Essentially, contact tracing via phones using Bluetooth, GPS, and/or cell towers can take two forms: In one form, the phone keeps track of the peers it has met (or, theoretically, the locations and time stamps) locally on the device, i.e. decentralized on a system level, and checks in regularly for a central list of reported/known positives or at-risk areas, which it then compares to its own data store. The processing of data can also be done centrally. This means that all or most data are sent to one processing cluster and that everything is controlled and analyzed from there. While not the focus of this piece, middle-of-the-road options are available and likely to be used in practice.
Theoretically, the centralized architecture can be more intrusive in terms of privacy than a decentralized architecture but centralization does allow for some functionality that is harder or impossible to implement without central storage and control. In actual practice, the exact system implementation and architecture matters: a decentralized system can unduly invade people’s privacy, while a centralized system can have multiple layers of effective privacy controls. No matter which high-level architectural approach is chosen, a variety of questions are needed to assess the impact on privacy and security:
- What data is collected in the first place, and by which method? (e.g. GPS, Bluetooth, cell towers, a combination thereof)
- Are any personal data being collected? Can they be shared (e.g. when reporting oneself positive)? If they were to be shared, with whom?
- Will data be anonymized, and how?
- How long will data be stored, what is stored, where, and under whose authority? (Centralized or decentralized model, or a hybrid approach)
- How is this storage secured, and how is the transfer protected?
- Is the use of the data limited to public health concerns, and what controls are in place to ensure this? How is public health defined?
- Are documents about the risks, controls, application design, and source code available for review by the public, or at least independent experts?
- How does the system tackle external abuse (e.g. false reports) but also internal abuse (e.g. unauthorized tracking of individuals by insiders)?
- Is the system voluntary or required by law?
- How does the system link with other databases and data sources, and potentially health authorities? 
- What happens to the data, and the tracking functionality or API after the application is not needed anymore?
The Centralized Option
A centralized tracing system has one key benefit and key issue: central control and insight. This has various upsides, including the ability to correct wrong, e.g. accidental, reports. The ability to counter abuse from external parties, e.g. dealing with purposefully wrong reports, would be far greater as well. Central data storage and processing would also simplify research, providing a larger dataset to epidemiologists and health authorities. Correlating the application’s data with databases already held by public health agencies would further enhance research opportunities. Better data and analysis could improve our understanding of the virus and transmission, and in turn help experts optimize tracing methods as well as our response more generally.
On the other hand, saving data centrally, in this case sensitive personal health data and information, can be risky in a variety of ways: losing the data center would mean losing all data and tracking, at least until backups can be restored, and such infrastructure might be a key target for attackers.

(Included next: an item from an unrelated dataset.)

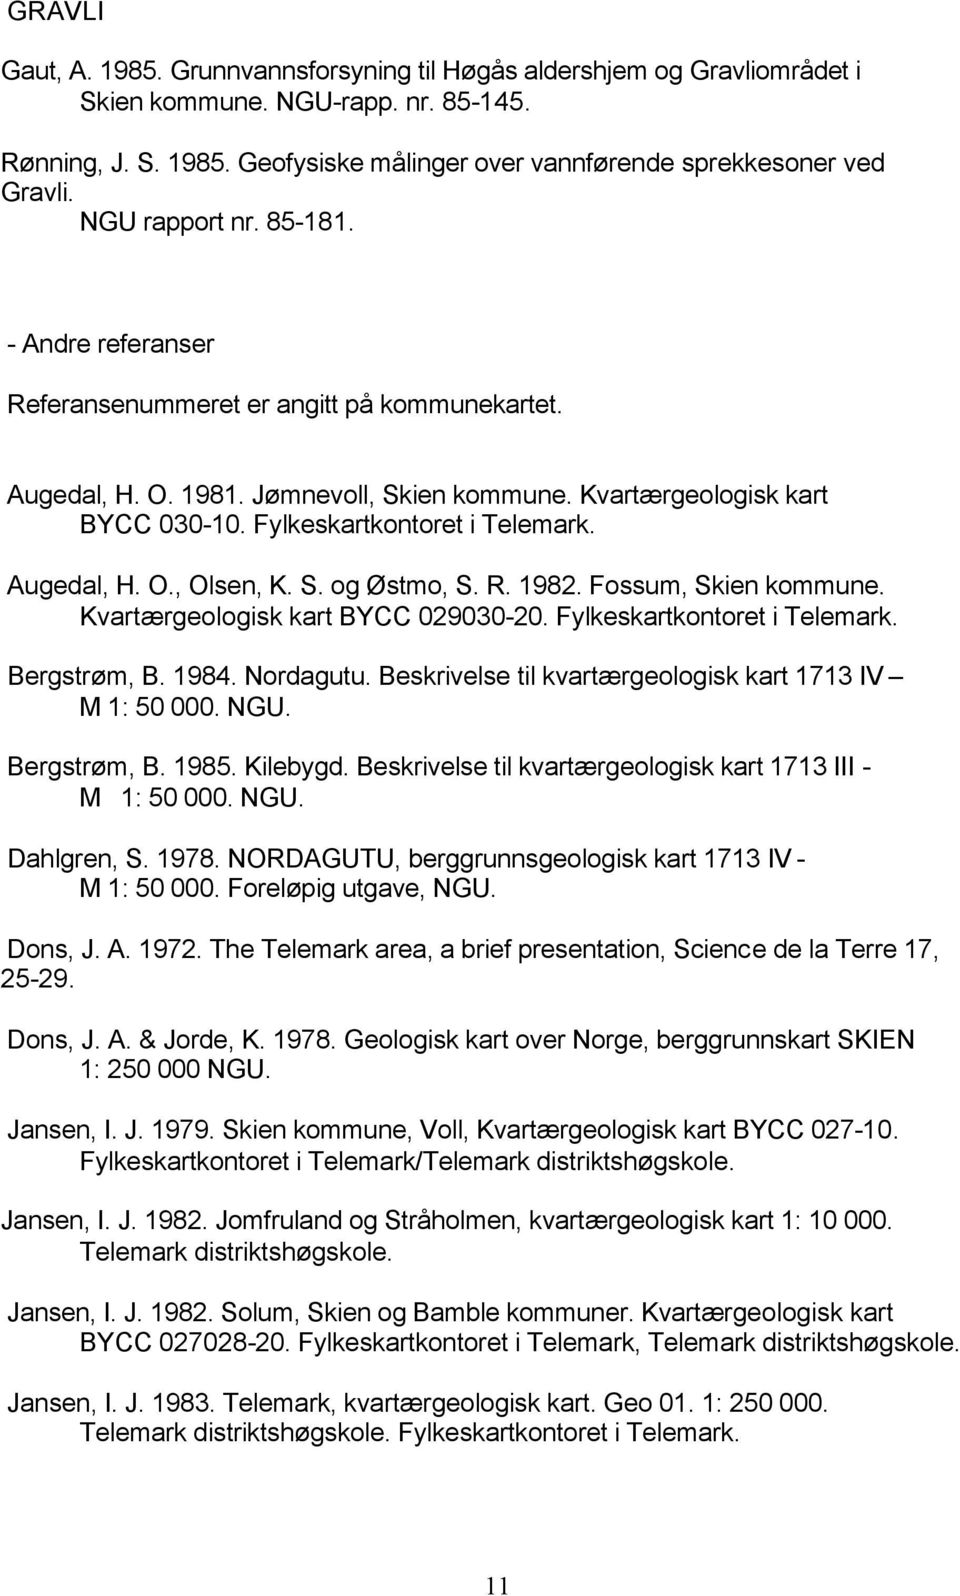 Fylkeskartkontoret i Telemark. Augedal, H. O., Olsen, K. S. og Østmo, S. R. 1982. Fossum, Skien kommune. Kvartærgeologisk kart BYCC 029030-20. Fylkeskartkontoret i Telemark. Bergstrøm, B. 1984.
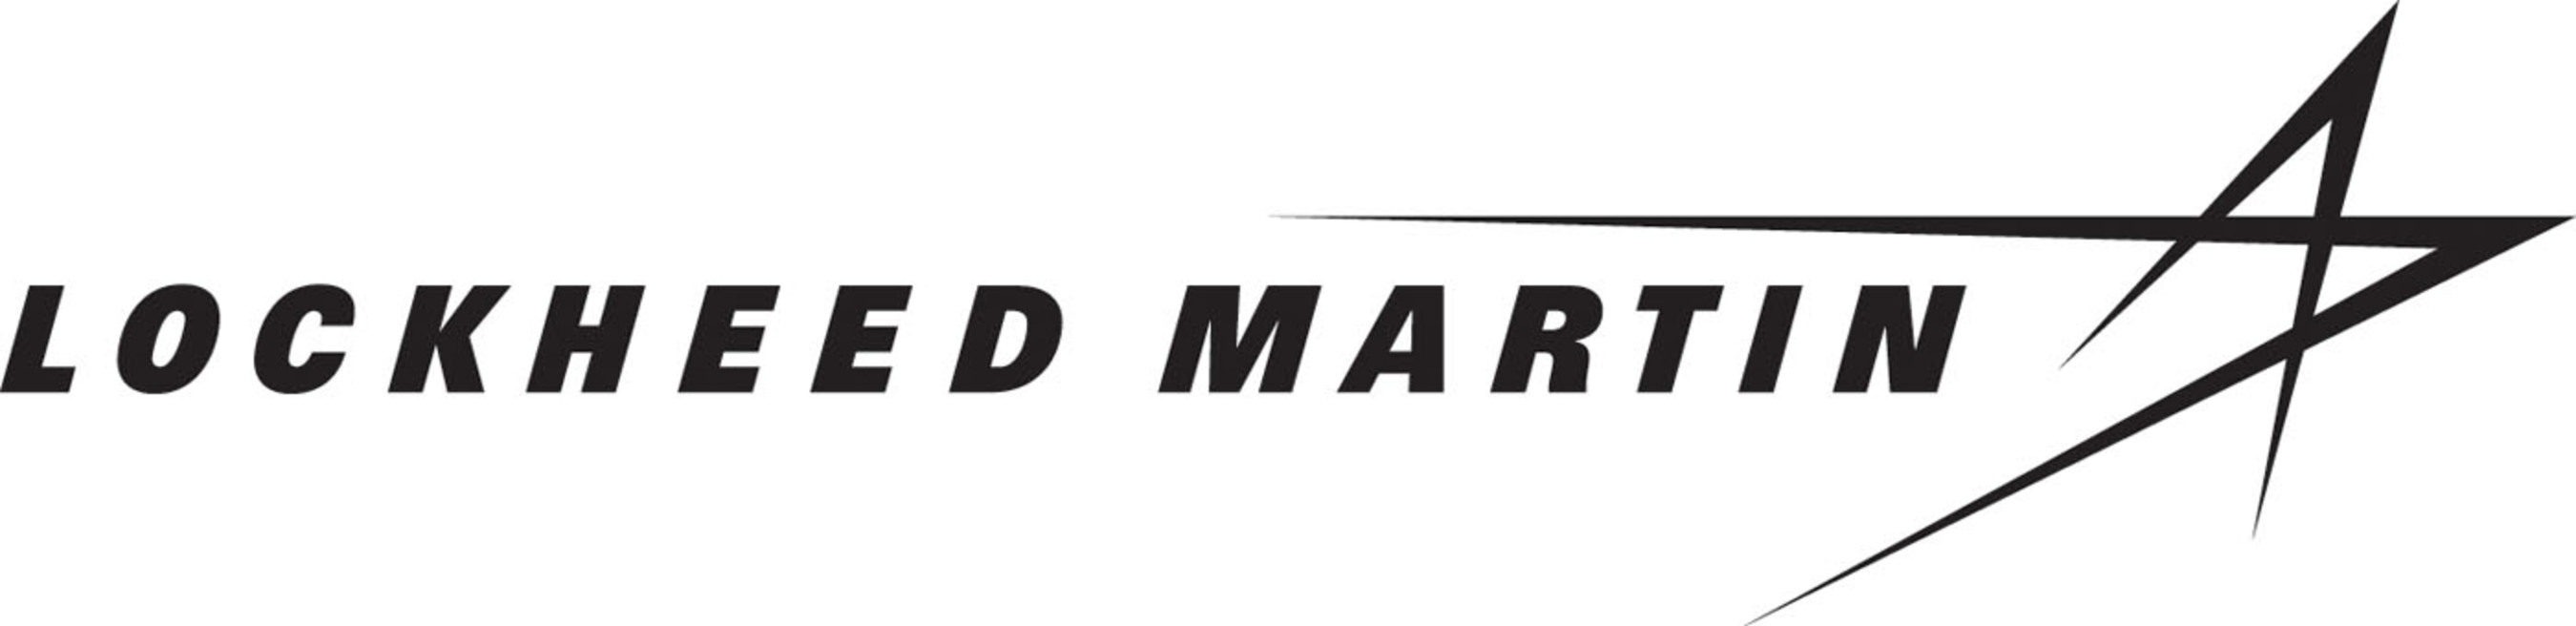 Lockheed Martin Logo. (PRNewsFoto/Lockheed Martin) (PRNewsFoto/LOCKHEED MARTIN) (PRNewsFoto/LOCKHEED MARTIN) (PRNewsFoto/LOCKHEED MARTIN)

Furthermore, a central administrator and data controller would likely face considerable legal and (consequentially) financial risk. This could include lawsuits from businesses shut down due to false positive reports, resulting in legal fees and potential damage payments. Likewise, whoever runs the system might be held responsible in case the system fails to register a case of COVID-19 (false negative), with the consequences of infections, hospitalization and care costs, and sometimes even death, Thus, without legal immunity of some sort and in the absence of considerable financial reward, not wanting to be the controller of such a tracing system is a pretty rational choice, and one that Apple and Google seem to have taken. Specifically, Google and Apple opted to develop an Application Programming Interface (API) together. This API allows application programmers to access functionality in Android and iOS that allows for tracking of other devices in proximity. Their approach is decentralized and privacy-respecting, and crucially they are *not* building the actual application themselves but leave this to other parties.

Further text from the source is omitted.